Reclaiming my time
Sometimes you don't know where you've been until you get far enough away from it to turn around and look back. And maybe I'm still not far enough away from the events of the last year, the last five-plus years, to really understand but I am feeling like things have changed and I'm finally back heading in a direction of my choice. Although it does feel like a whole bunch of directions and choices have opened up in front of me so I'll have to thoughtfully consider where I go from here.
After over five years of care-taking for my elderly mother here on my farm, and an additional eight to nine years of keeping tabs on and overseeing the arrangements for my aunt's care and my father's care back in New York prior to her coming out to live with us, I no longer have to split my mental energy and time (for the most part) between their priorities and mine. There's something soul-sapping about trying to take care of two lives with the sets of needs and desires at the same no matter how much you love the person you're helping. In my experience, it's doubly hard if the relationship is not the healthiest. To accommodate my mother's worsening health since the beginning of the year, I ended up putting my entire livelihood, business and practice on hiatus, a decision I hoped I would never have to make but one that was necessary.
There's a term in Buddhism regarding the process of death called the Bardo "the state of existence intermediate between two lives on earth," but more than that it describes the state between anything that ends and another begins, that sense of swirling, the lack of clarity, the non-movement before the next journey.
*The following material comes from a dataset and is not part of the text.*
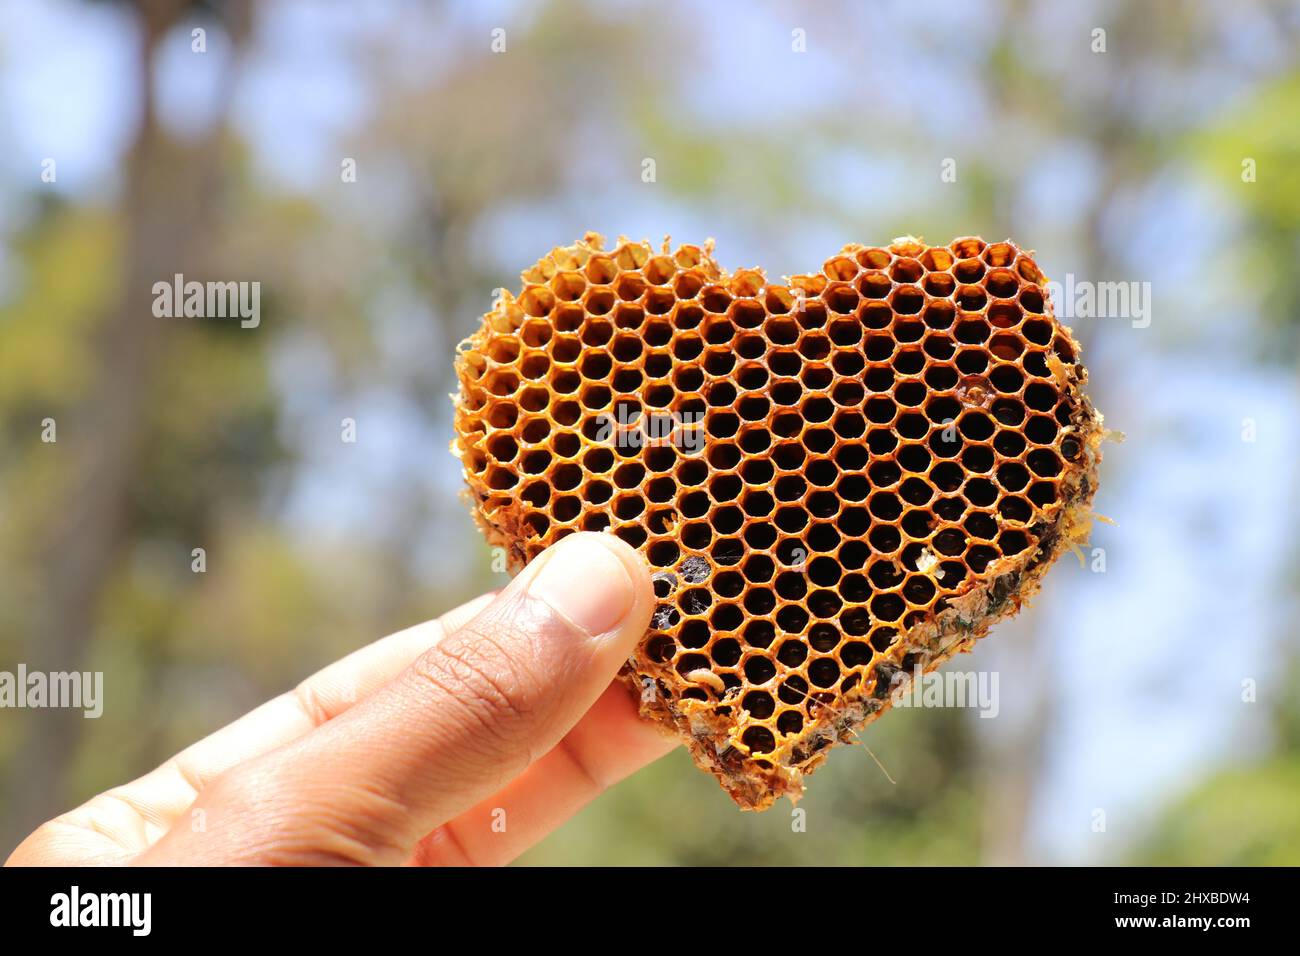 Heart shaped Honeycomb held in hand on daylight with nature background. Concept of sweetheart using honeycombs Stock Photo

That's pretty much where I've been since August. Mom died and now I face my life again. I'm giving myself a year to gather myself and take the small steps back into my flow. My head has been in such a fractured place so as a way of restarting my journey, I decided to do some continuing education to help stimulate structured thought related to my work, something to feed my soul, a sense of taking care of my need for learning and my desire to be better and more knowledgable in my work.
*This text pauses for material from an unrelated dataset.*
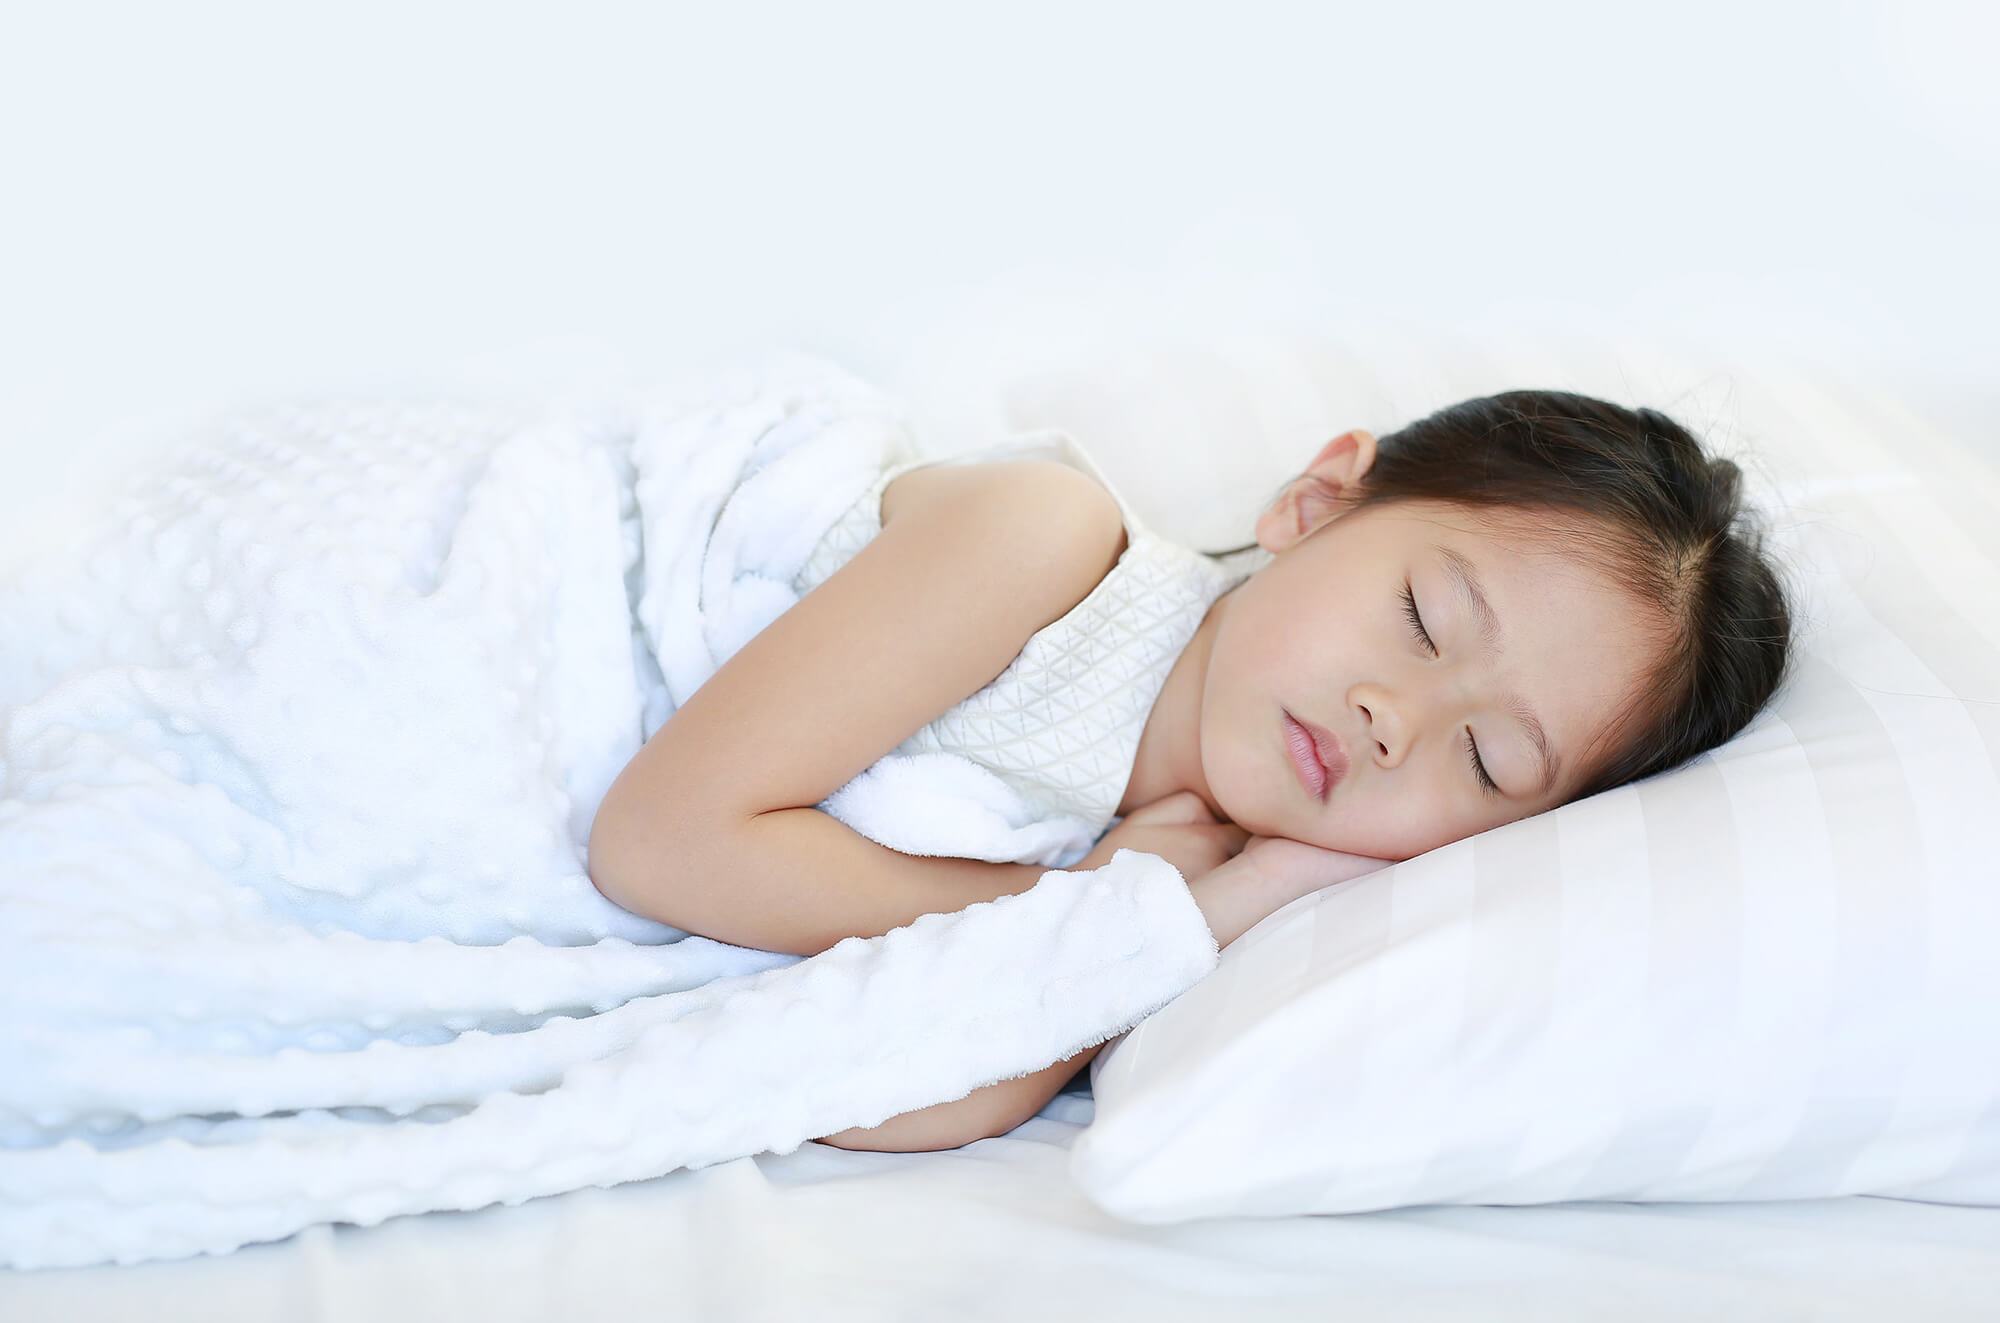 What Causes Snoring in Children?

Pottery can conjure up a very calm, fun, hobby-like activity, which it very much can be, but as any potter will tell you, once hooked, you really are just opening a huge can of worms. Pottery and ceramics have been practiced for thousands of years. That's a lot of knowledge. Once you start playing in dirt, if you wish to keep pursuing it, particularly professionally, you quickly find out how much there is to learn. It's not just aesthetics, for any functional work, there's practical design concept and fundamentally, you must know your materials because if you don't, they will make themselves and their properties known to you in glaze and clay flaws. The chemistry behind the materials is intimidating for most because artists are often shunted into an either/or way of thinking about the science. You're either an artist-type OR you're a science-type. However, if you really want to take control of your studio practice, you have to confront the technical side. Since so much of my life has felt so out of control, this pursuit of the technicalities of clay and glaze is fulfilling that need and desire.
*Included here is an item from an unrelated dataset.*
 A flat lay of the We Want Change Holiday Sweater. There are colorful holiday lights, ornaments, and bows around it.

The things I make from here on out may change a bit. They may change radically. They may not change at all initially but one thing I do know, they will change because I've changed from this whole life experience.
I'm finishing up one glaze class and starting two in January. My plans are to do one outdoor show —assuming COVID is not a danger— in 2022 to restart that part of my business and continue to stock the galleries that have stuck with me through this last year. Basically, just to get my feet under me again. So we shall see where we go from here but I am enjoying the learning. Shout out to Ceramic Materials Workshop for all the fun brain work.